The researchers note that the brain maintains a constant mental map of the physical body, known as a body schema. This mental imagery is what allows amputees to sometimes experience phantom limb sensations while awake or asleep. In the context of a lucid dream, the body schema becomes highly malleable. The experiment demonstrates that dreamers can forcibly update this mental map to include non-human appendages like tails or animal ears.

The study relates to psychological concepts proposed by the psychoanalyst Carl Jung. He suggested that all humans share a collective unconscious mind populated by universal symbols. Jung proposed that every person possesses an innate, subconscious representation of the opposite sex within their own mind. The varying degrees of success in the gender transformation experiment might reflect how comfortably a person connects with this hidden side of their inner identity.

Similarly, the ability to adopt a wild, animalistic mindset may tap into ancient evolutionary traits buried deep in the human brain. The researchers reference theories positing that memories of early evolutionary stages might remain accessible beneath our waking awareness. While this idea remains highly theoretical, the vividness of the volunteers’ experiences provides a fascinating angle for exploring how consciousness develops.

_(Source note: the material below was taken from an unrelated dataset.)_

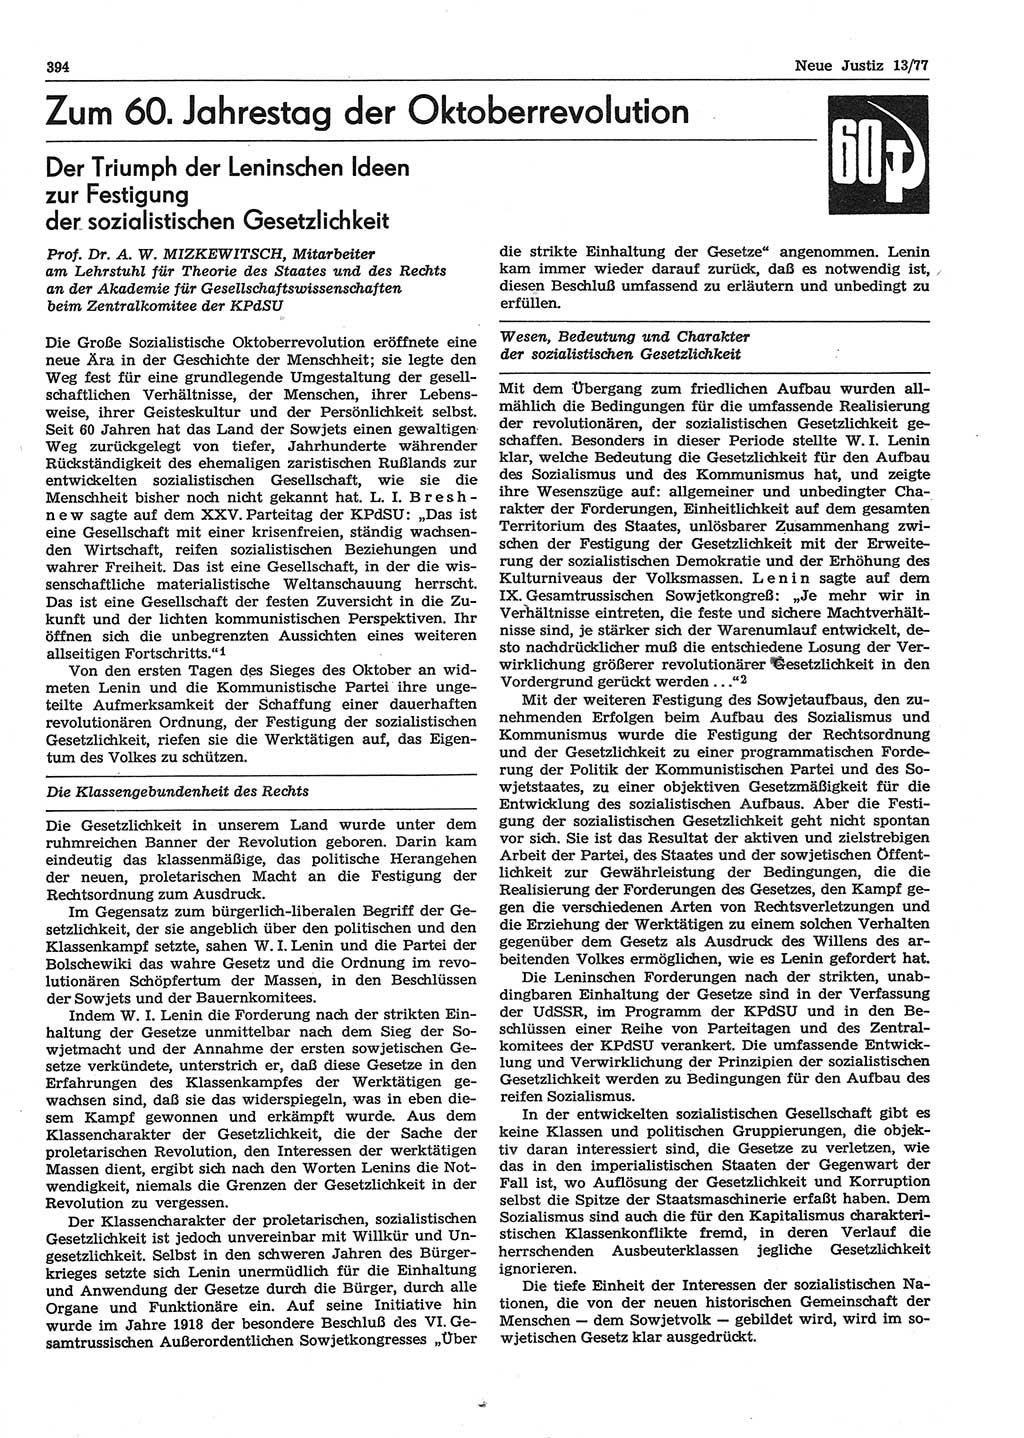 Neue Justiz (NJ), Zeitschrift für Recht und Rechtswissenschaft-Zeitschrift, sozialistisches Recht und Gesetzlichkeit, 31. Jahrgang 1977, Seite 394 (NJ DDR 1977, S. 394)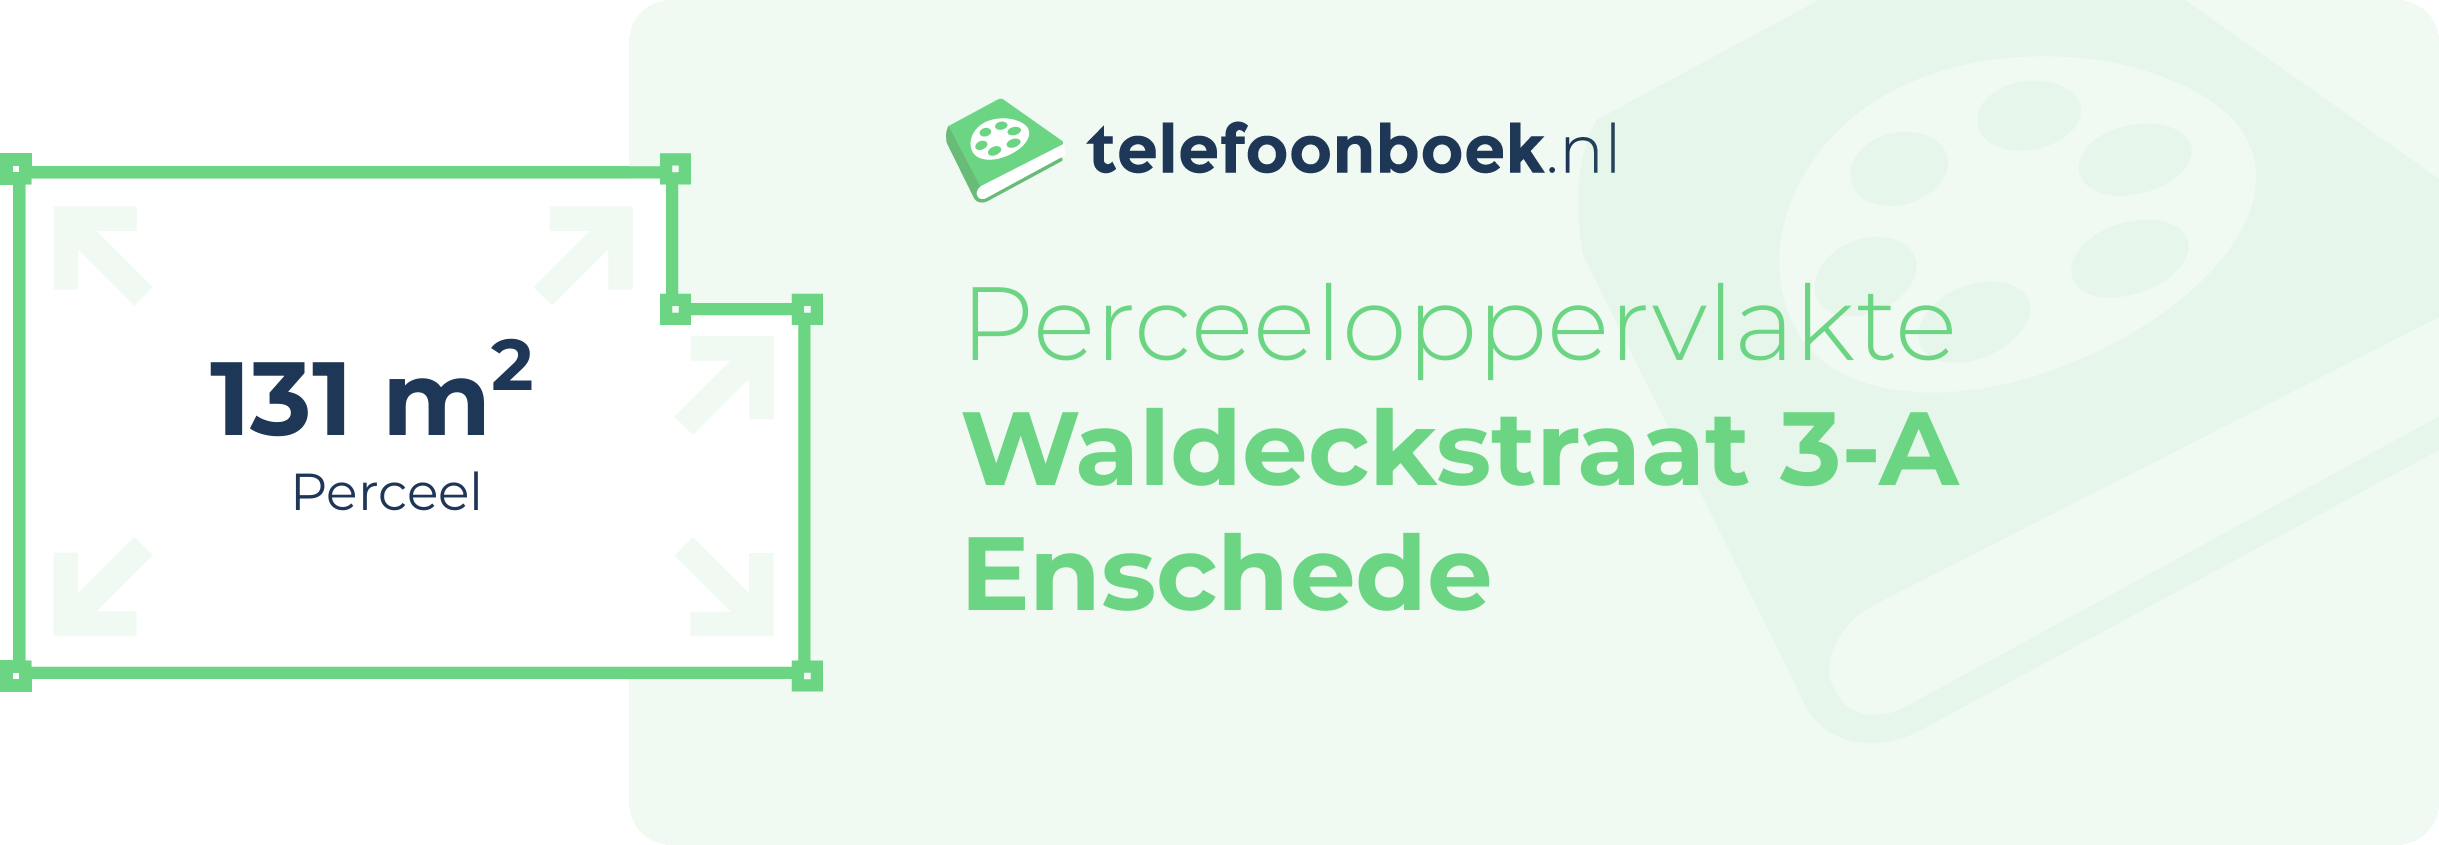 Perceeloppervlakte Waldeckstraat 3-A Enschede

The study includes a few obvious limitations. The exploratory data relies entirely on the subjective reporting of the participants after they woke up. Assessing internal dream experiences objectively remains a huge hurdle in sleep research. Additionally, the participants were individuals who actively sought out a lucid dreaming experiment. This self-selection means they might be more predisposed to these types of intense experiences than the general population.

Going forward, Drøm and her colleagues recommend conducting broader studies on how conscious awareness functions organically. They suggest that lucid dreaming could eventually serve as a therapeutic tool for the wider public. By allowing individuals to confront fears or step outside their everyday physical identities, dream transformations might help people process psychological blocks. Until then, these early experiments outline just how adaptable the human mind can be when the physical rules of waking life no longer apply.

The study, “Dream-body transformation in lucid dreaming: Revealing the plasticity potential of the subconscious “self-image”,” was authored by Elena Drøm, A. Nav Popenko, Michael Raduga, Zh. Zhunusuva, and Andrey Shashkov.